Perhaps I need a distraction; a new sub, maybe. It’s been too long since Susannah. I contemplate calling Elena in the morning. She always finds suitable candidates for me. But the truth is, I don’t want anyone new.

I want Ana.

Her disappointment, her wounded indignation, and her contempt remain with me. She walked away without a backward glance. Perhaps I raised her hopes by asking her out for coffee, only to disappoint her.

Maybe I should find some way to apologize, then I can forget about this whole sorry episode and get the girl out of my head. Leaving the glass in the sink for my housekeeper to wash, I trudge back to bed.
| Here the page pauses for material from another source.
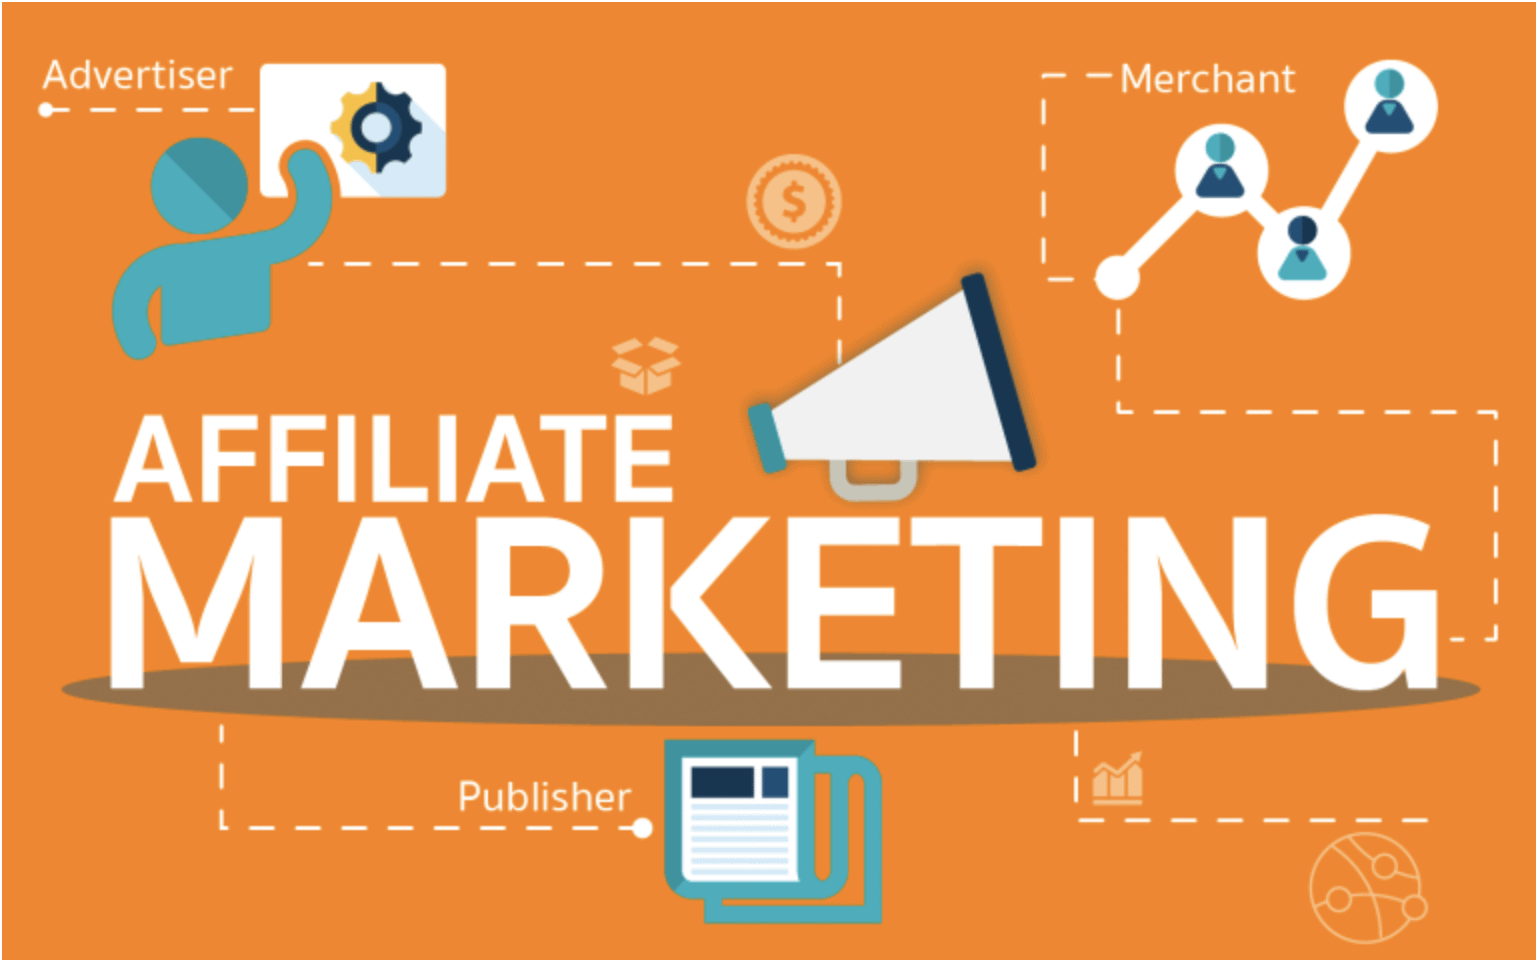 Affiliate Marketing - How To Make Money Online For Beginners

THE RADIO ALARM JOLTS to life at 5:45 as I’m staring at the ceiling. I haven’t slept and I’m exhausted.

Fuck! This is ridiculous.

The program on the radio is a welcome distraction until the second news item. It’s about the sale of a rare manuscript: an unfinished novel by Jane Austen called The Watsons that’s being auctioned in London.

“Books,” she said.

Christ. Even the news reminds me of little Miss Bookworm.

She’s an incurable romantic who loves the English classics. But then so do I, but for different reasons. I don’t have any Jane Austen first editions, or Bront?s, for that matter…but I do have two Thomas Hardys.

Of course! This is it! This is what I can do.

Moments later I’m in my library with Jude the Obscure and a boxed set of Tess of the d’Urbervilles in its three volumes laid out on the billiard table in front of me. Both are bleak books, with tragic themes. Hardy had a dark, twisted soul.

Like me.

I shake off the thought and examine the books. Even though Jude is in better condition, it’s no contest. In Jude there is no redemption, so I’ll send her Tess, with a suitable quote. I know it’s not the most romantic book, considering the evils that befall the heroine, but she has a brief taste of romantic love in the bucolic idyll that is the English countryside. And Tess does exact revenge on the man who wronged her.

But that’s not the point. Ana mentioned Hardy as a favorite and I’m sure she’s never seen, let alone owned, a first edition.

“You sound like the ultimate consumer.” Her judgmental retort from the interview comes back to haunt me. Yes. I like to possess things, things that will rise in value, like first editions.

Feeling calmer and more composed, and a little pleased with myself, I head back into my closet and change into my running gear.

IN THE BACK OF the car I leaf through book one of the Tess first edition, looking for a quote, and at the same time wonder when Ana’s last exam will take place. I read the book years ago and have a hazy recollection of the plot. Fiction was my sanctuary when I was a teenager. My mother always marveled that I read; Elliot not so much. I craved the escape that fiction provided. He didn’t need an escape.